When marriage was reserved to heterosexual couples, positive law found support in the natural difference between man and woman and at the same time confirmed and consecrated this difference. The common sense of the species had little need for doctrinal elaboration, but, since the institution of marriage was reserved to heterosexual couples, it implicitly sustained and solemnly manifested that human life is ordered by a natural law. The law opening marriage to same-sex couples is a positive law whose intention targets the very meaning of the human order: the point is to require members of society to recognize by word and deed that there is no natural law, or that the human world can and must be organized without reference to a natural law. Insofar as marriage was the crucial institution of a human world organized according to natural law, the law of which we are speaking aims to overturn or abolish this very order. Henceforth societies living under this law are involved in an experiment that is equally crucial and whose consequences yet to come, public as well as private, will no doubt be commensurate with the audacity or imprudence of what has been done.
This legislation, which directly concerns only a very small portion of society and which has taken hold in our country so fast and, as it were, irresistibly, owes this ascendancy to the ambition I have called metaphysical, the claim to inscribe into positive law the thesis according to which the just or legitimate human order excludes all reference to a natural norm or purpose.

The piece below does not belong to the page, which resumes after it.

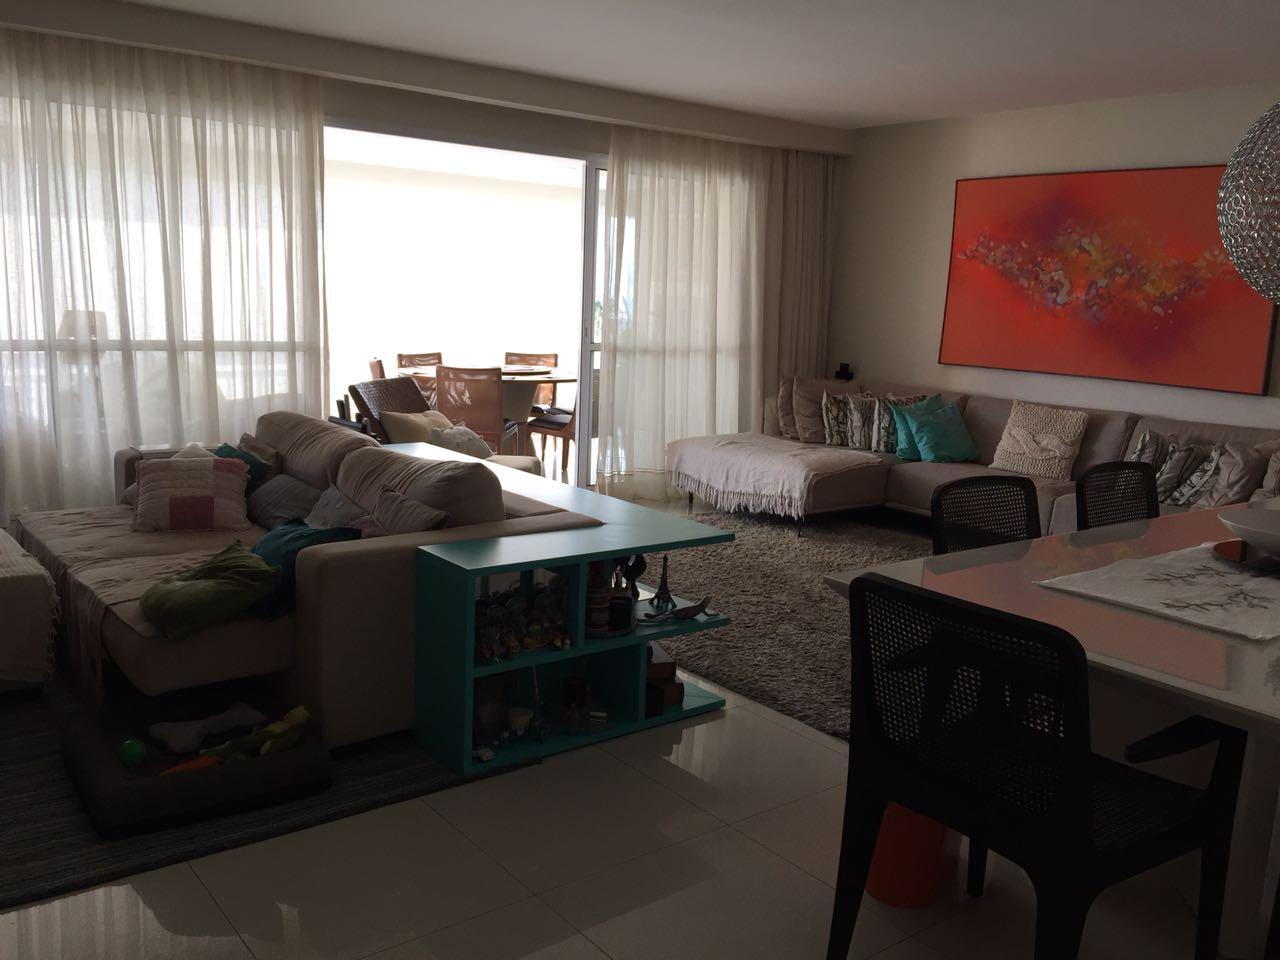 Rua Barra da Tijuca Jacarandás Avenida Flamboyants Península Rio de Janeiro RJ Imóvel Imóveis Corretor Alugar Vender Apartamento

But why is it that, although they are for the most part not moved by any personal demand, a great number of our fellow citizens embrace this thesis as a truth so evident and so salutary that it must be imposed by the secular force of the positive law? What is the source of this passionate shared opinion in favor of a proposition that is finally purely philosophical? What is the source of this passionate refusal, which no victory either satisfies or diminishes, to recognize that the meaningful elements of human life are in some way connected with what we call human nature? We will pursue such questions in the next chapter, on the roots and the beginnings of this powerful movement, a movement that aims to organize the human world independently of any reference to a natural order or to the nature of man.